Journal de l'année Édition 1995 1995Éd. 1995

Malgré tout, la SNCF espère poursuivre ses investissements destinés à construire de nouvelles lignes TGV, dont la rentabilité doit être inférieure à celles déjà existantes (ainsi, le taux de rentabilité du TGV Est serait de 4 %, en deçà du seuil de 8 % que la SNCF s'était fixé). Or, le réseau ferroviaire à grande vitesse est voué à s'étendre en Europe. À commencer par la Grande-Bretagne avec la mise en service des rames Eurostar. Paris ne sera plus qu'à 3 heures de Londres. En attendant, les trains à grande vitesse de la SNCF desservent 136 villes de l'Hexagone et Paris n'est plus incontournable pour les passagers qui vont du nord au sud, et inversement. En mai, la structure en étoile du réseau de chemin de fer français est prise en défaut grâce à l'interconnexion des lignes TGV Nord, Sud et Atlantique.

SNCF : le grand écart

Avec un déficit de 7,7 milliards de francs en 1993, la SNCF est plus que jamais dans le rouge. La récession et le fiasco de Socrate, le système de réservation électronique lancé en 1993, y sont certes pour beaucoup. Cependant, Jacques Fournier, qui a quitté la présidence de l'entreprise en mai, incrimine d'abord l'indécision des pouvoirs publics, lesquels exigent de la société nationale qu'elle assure son rôle de service public tout en restant à la pointe de la compétition internationale. Entre compétitivité et aménagement du territoire, la SNCF ne saurait fonctionner en « double commande » sans un engagement clair de l'État.

Cocorico !

Au terme d'une lutte acharnée, le TGV français décroche le contrat de 2 milliards de dollars visant à équiper une ligne à grande vitesse en Corée du Sud. La ligne reliera dans 8 ans la ville de Séoul à celle de Pusan, distante de 410 km. Le consortium GEC-Alsthom, qui fournira 46 rames, la signalisation et les systèmes d'électrification, a mis en avant sa longue expérience en matière de train à grande vitesse. Le TGV, qui sillonne la France depuis 12 ans, est le train le plus rapide du monde (300 km/heure en vitesse commerciale). Il est plus léger, plus puissant et plus économique que son principal concurrent : l'ICE, développé par les Allemands de Siemens. Mais ce qui a définitivement permis d'emporter la décision a été le prix. Séoul a encouragé les surenchères. Alors que, en août 1993, GEC-Alsthom avait été choisi – reconnaissant être allé « à l'extrême limite de ses sacrifices financiers » –, les Allemands optent pour de nouvelles propositions financières, inférieures de 10 %. Les Coréens font alors monter les enchères avant de désigner officiellement, une seconde fois, en août, le consortium franco-britannique, lequel a dû concéder d'importants transferts de technologie : la moitié – contre 44 % un an plus tôt – des matériels roulants sera réalisée par la Corée du Sud, qui, ensuite, aura toute liberté de vendre cette technologie pour son propre compte.

L'avion

Reconstruction

Virtuellement en faillite avec 7,5 milliards de francs de déficit et un endettement de 37 milliards. Air France avait besoin d'un électrochoc. Christian Blanc, l'ancien P-DG de la RATP, s'y emploie depuis sa nomination à la tête d'Air France en novembre 1993, après la grève qui avait coûté 1 milliard de francs à la compagnie et qui avait conduit Bernard Attali à la démission.
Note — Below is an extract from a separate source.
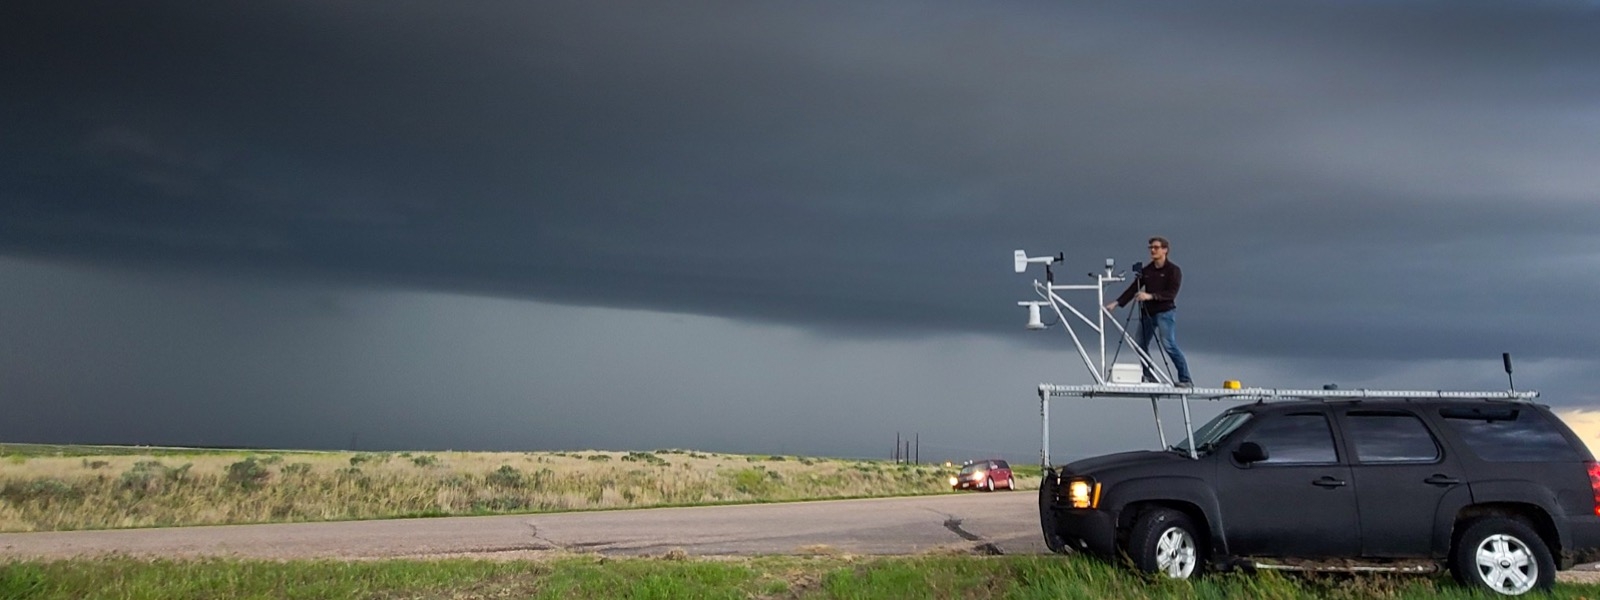 ARCS Scholar TJ Corrigan atop storm chase car

M. Blanc se propose de « reconstruire » Air France. Son plan prévoit 5 000 suppressions d'emploi mais aucun licenciement, le gel des salaires pendant 3 ans et l'augmentation du temps de travail afin d'améliorer la productivité de l'entreprise de 30 % en 3 ans. Pour avoir les coudées franches, le nouveau président organise un référendum et met sa démission dans la balance. Au printemps, les personnels lui accordent leur confiance à plus de 80 %. Ce « plébiscite » ouvre la voie à la recapitalisation de 20 milliards de francs promise par l'État. La Commission européenne donne rapidement son aval. Christian Blanc possède alors toutes les cartes pour réorganiser le groupe Air France. Il crée les CDR (Centre de résultat), entités autonomes responsables de leurs personnels, de leurs avions, de leurs produits et de leur gestion. Il existe un CDR pour chaque zone géographique et pour chaque activité. Les personnels navigants sont inquiets de voir leurs conditions de travail totalement redéfinies. Air France déménage de ses bureaux de la gare Montparnasse pour s'installer à Roissy, au bord des pistes.